[WHAT IS REQUIRED]
Omit the pictures and retype only the lines from the one containing "A Symbol of Strength and Courage essay" through the end of the listing, both ends included.

[DATASET EXCERPT]
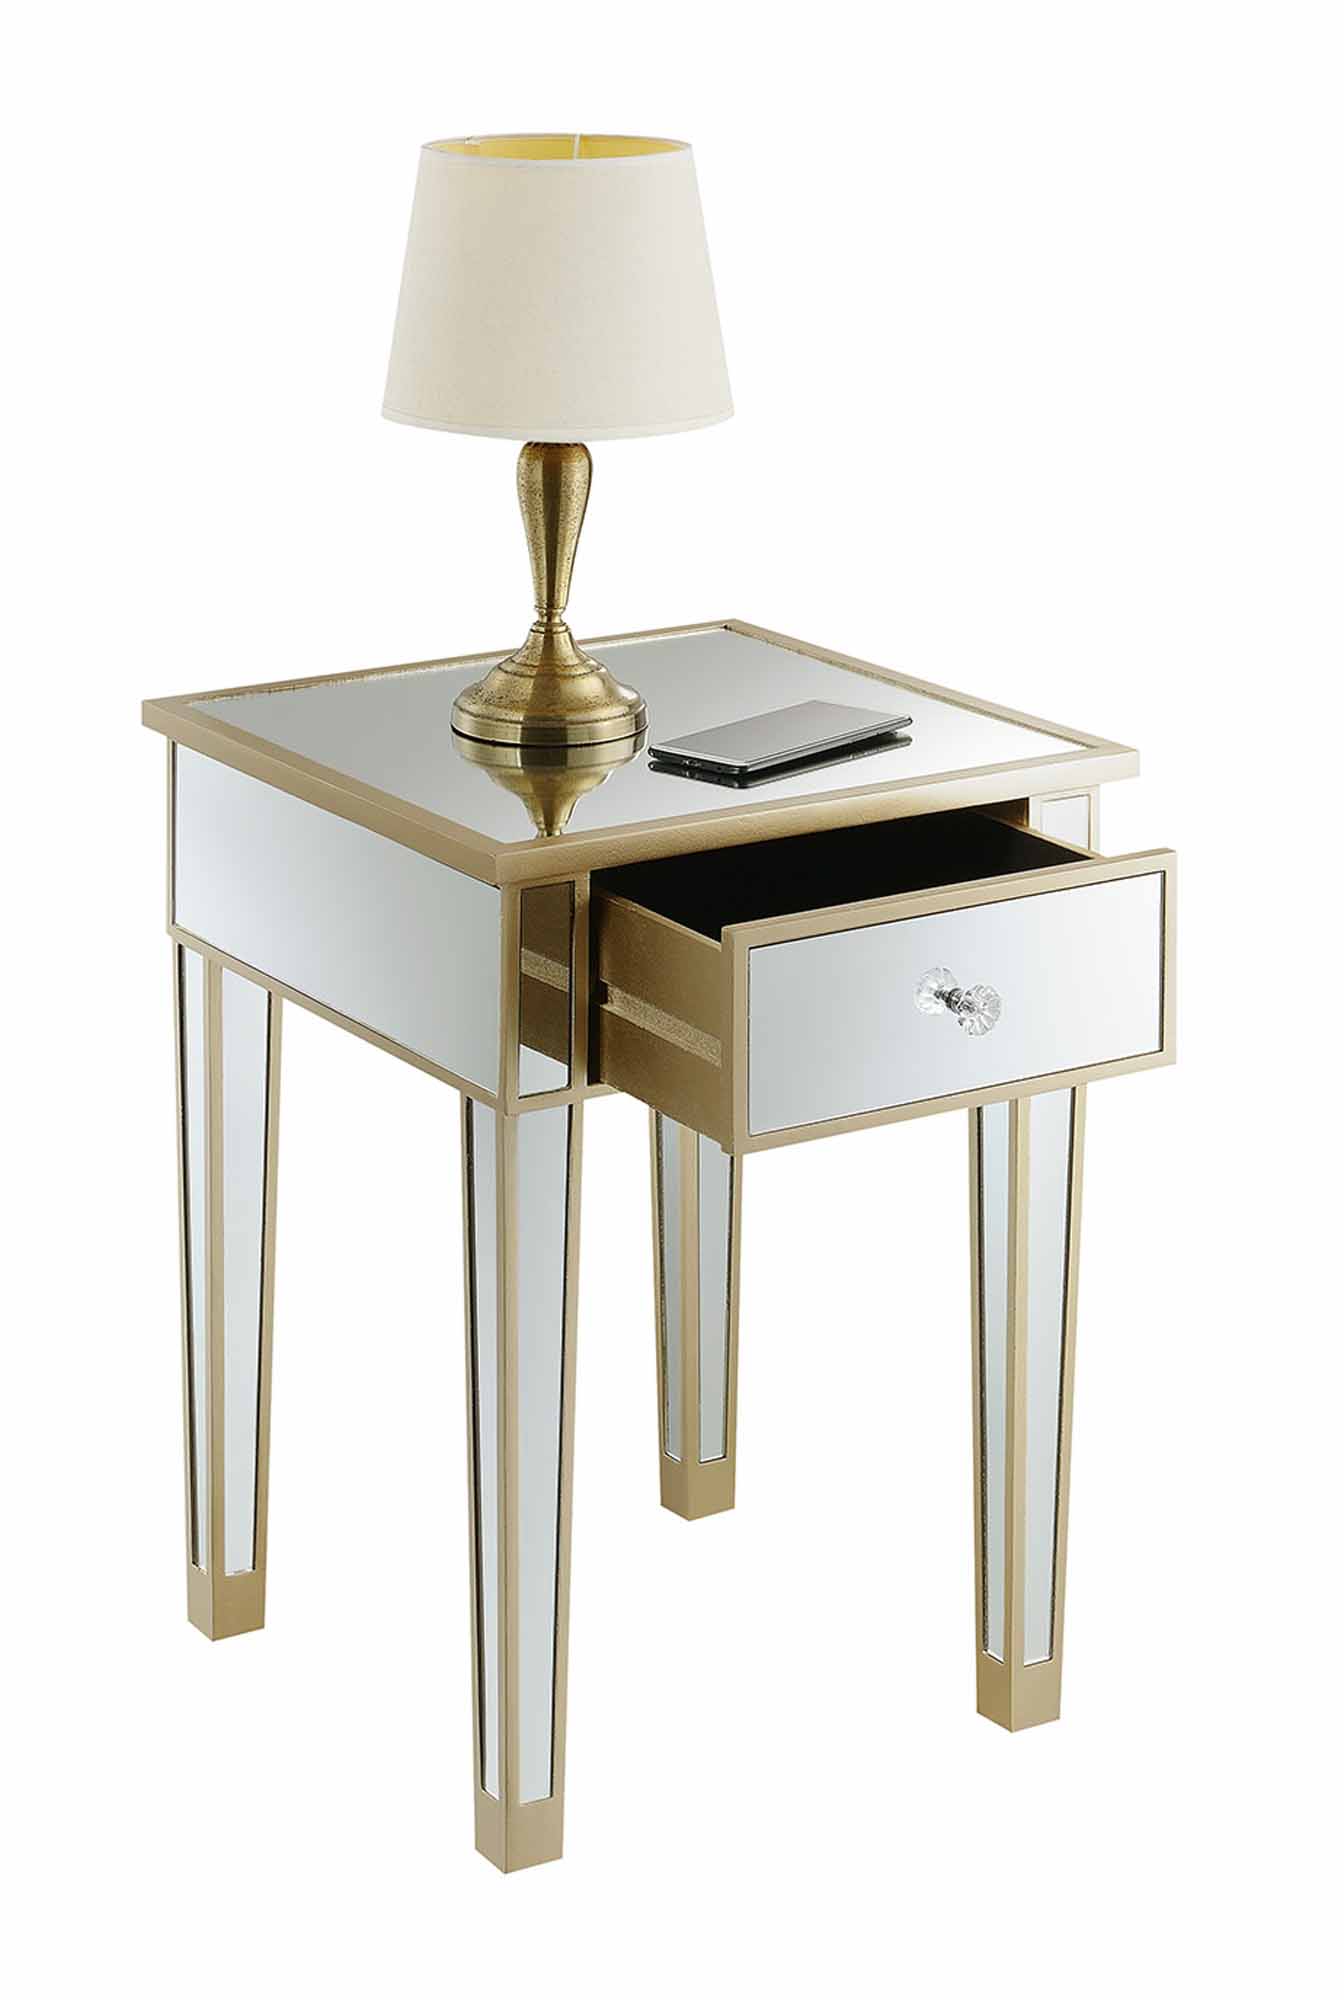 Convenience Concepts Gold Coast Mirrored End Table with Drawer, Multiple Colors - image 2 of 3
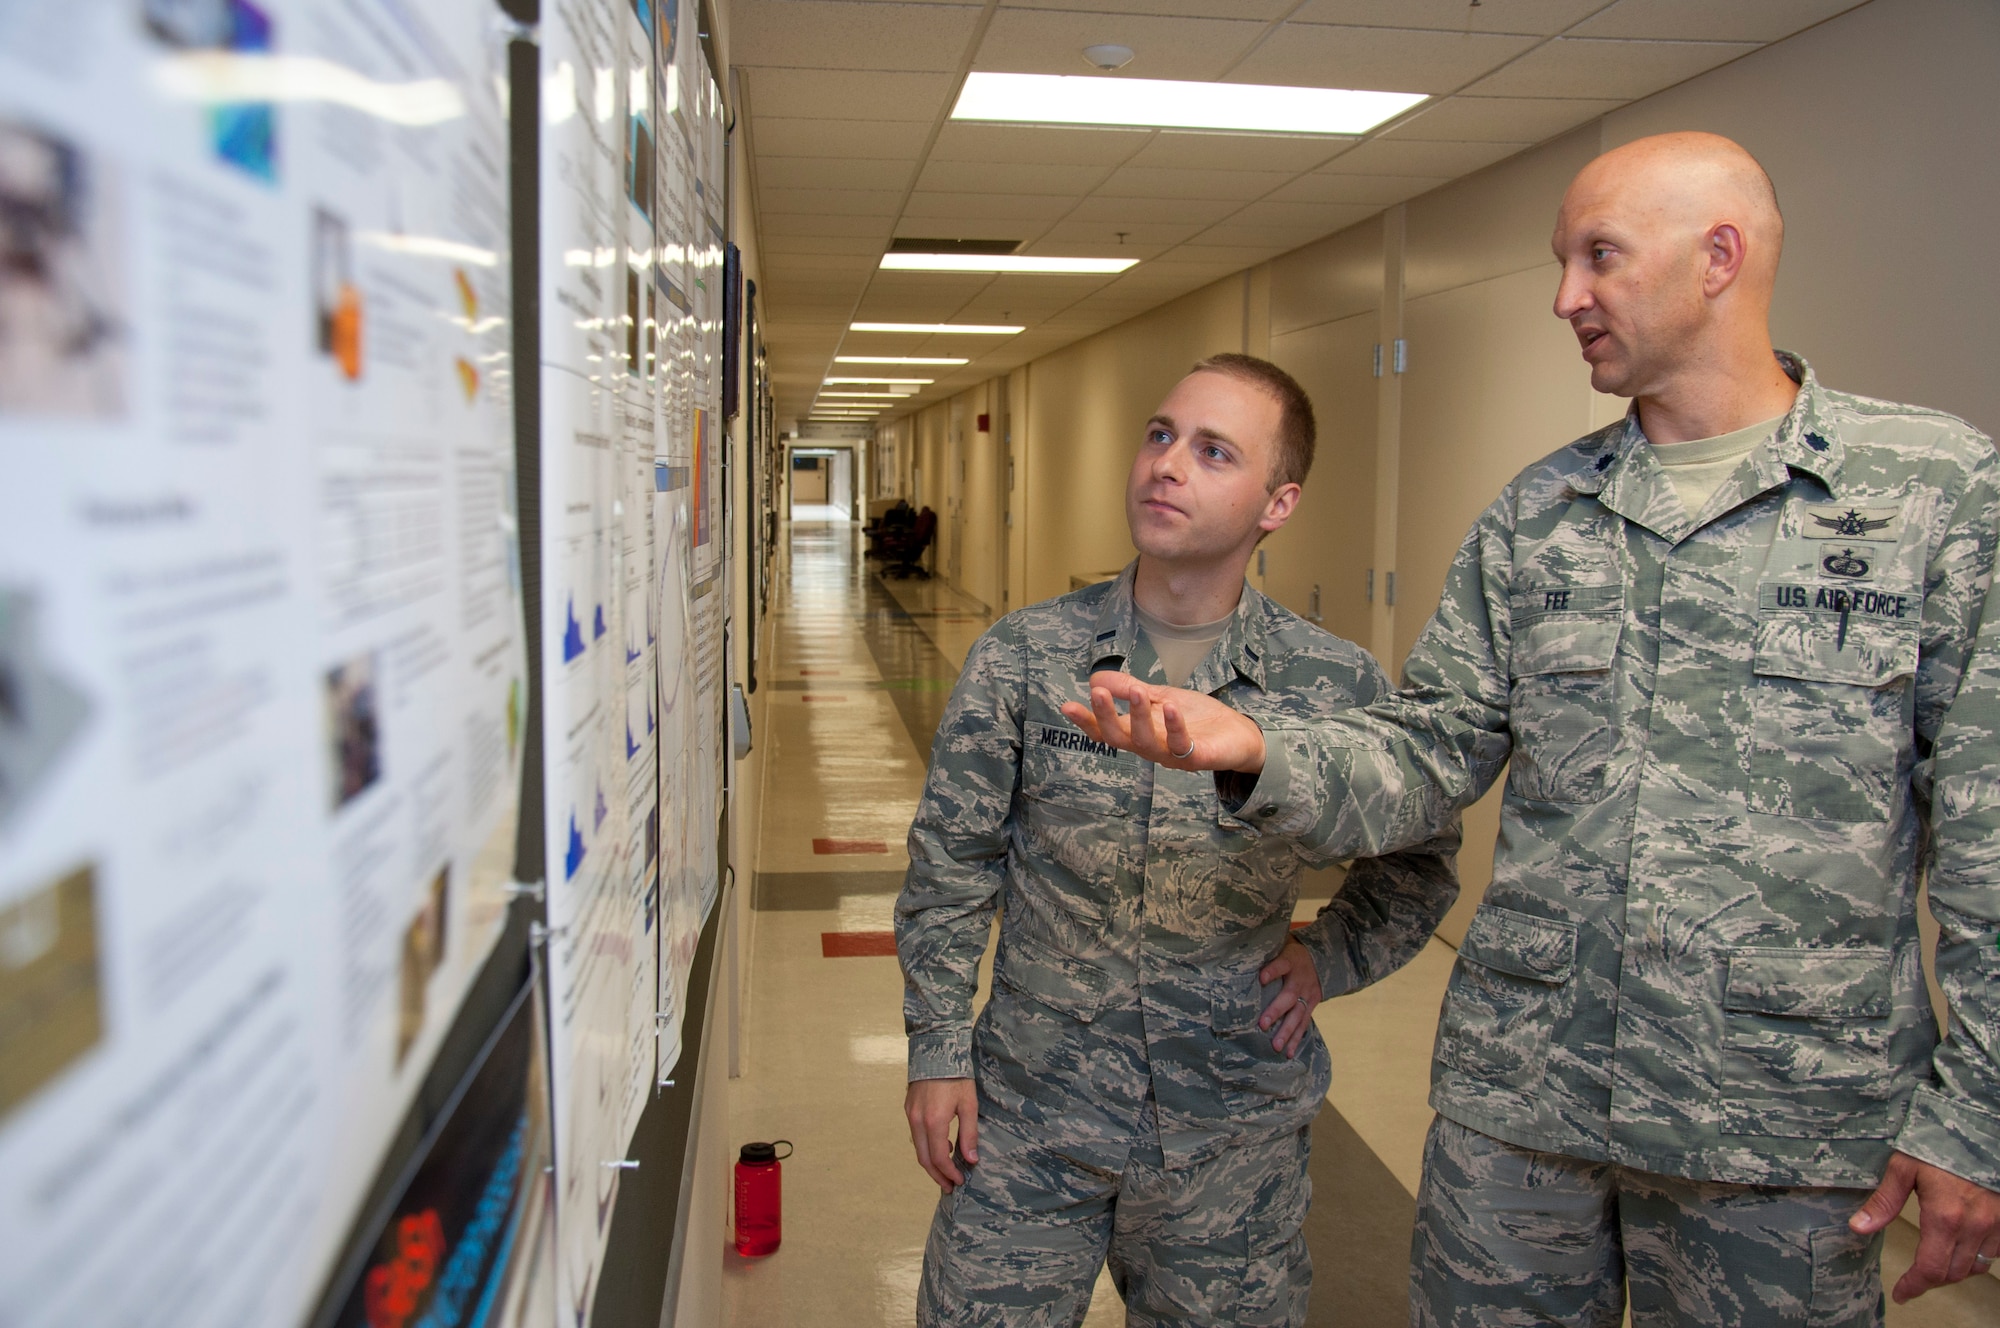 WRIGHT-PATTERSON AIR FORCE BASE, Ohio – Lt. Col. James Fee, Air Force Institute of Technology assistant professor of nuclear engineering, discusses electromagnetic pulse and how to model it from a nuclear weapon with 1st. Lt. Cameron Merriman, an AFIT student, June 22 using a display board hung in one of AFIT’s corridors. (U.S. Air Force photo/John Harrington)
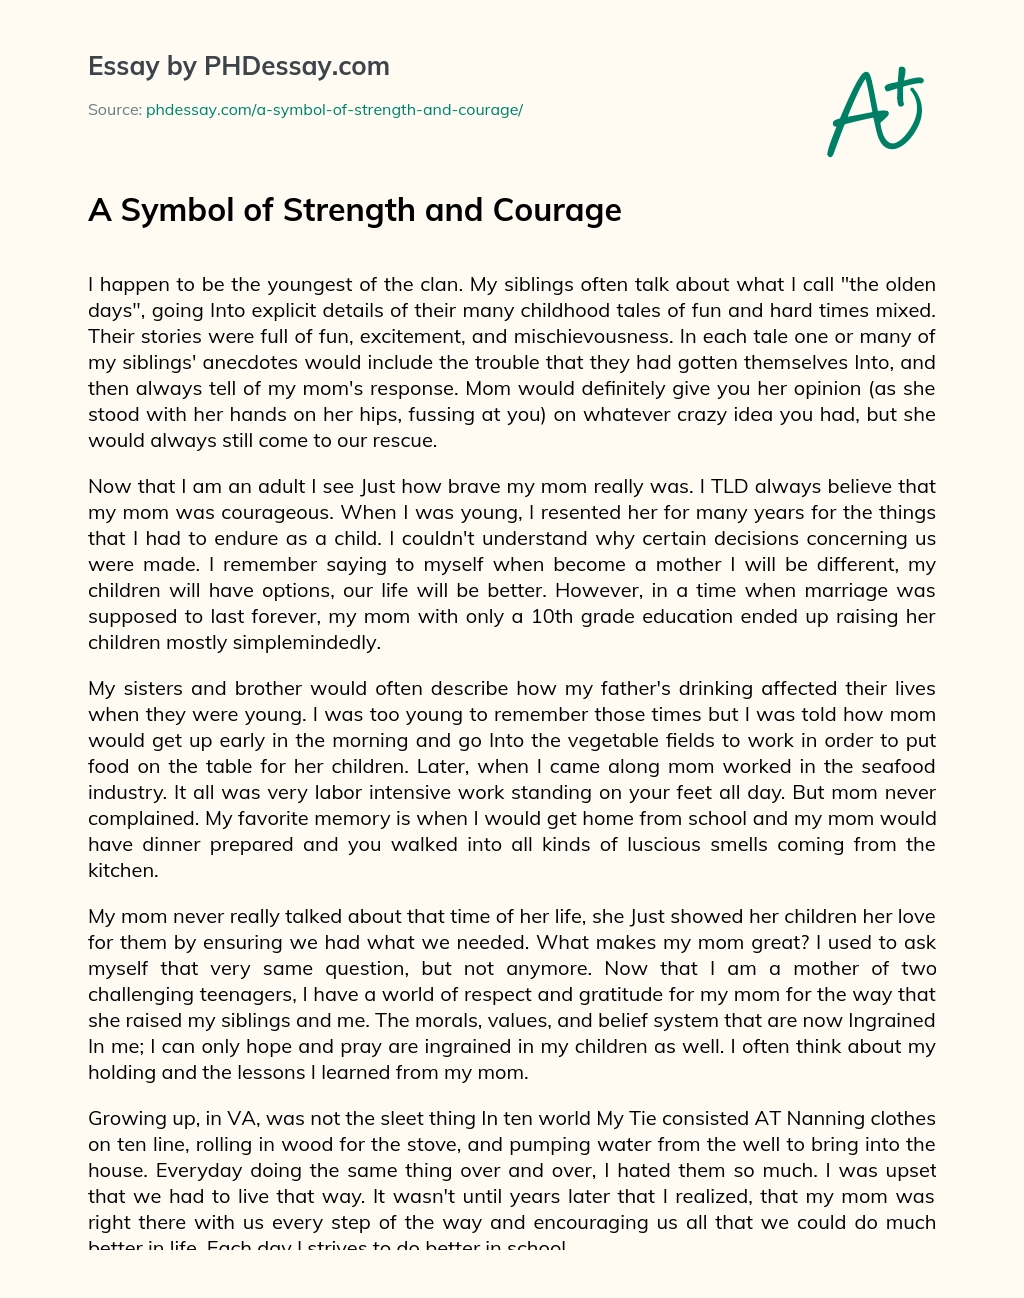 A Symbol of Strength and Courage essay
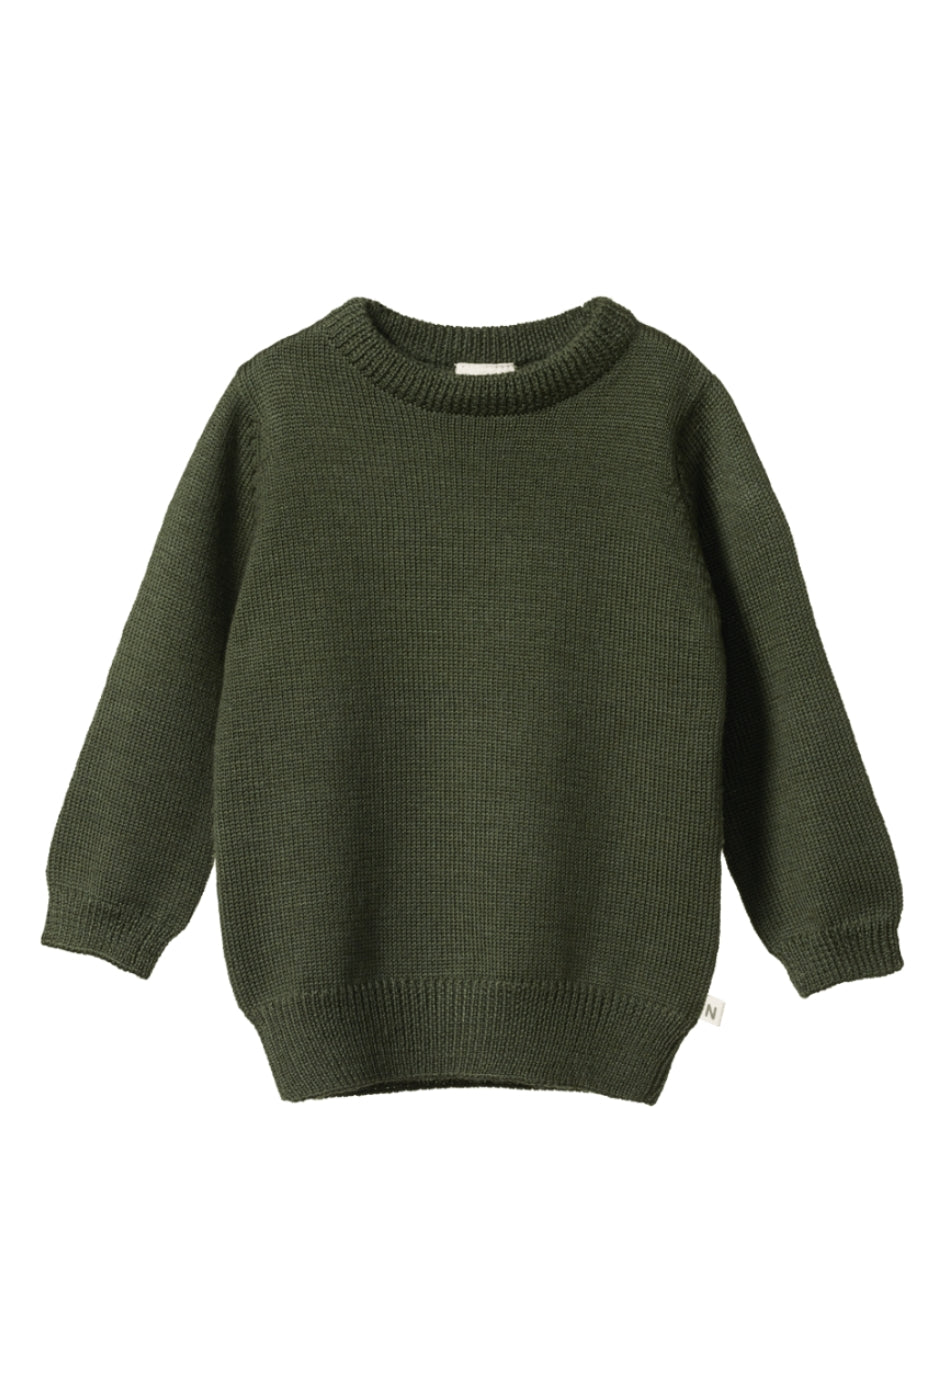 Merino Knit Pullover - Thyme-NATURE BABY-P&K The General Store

[ANSWER SPACE]
 A Symbol of Strength and Courage essay
 Merino Knit Pullover - Thyme-NATURE BABY-P&K The General Store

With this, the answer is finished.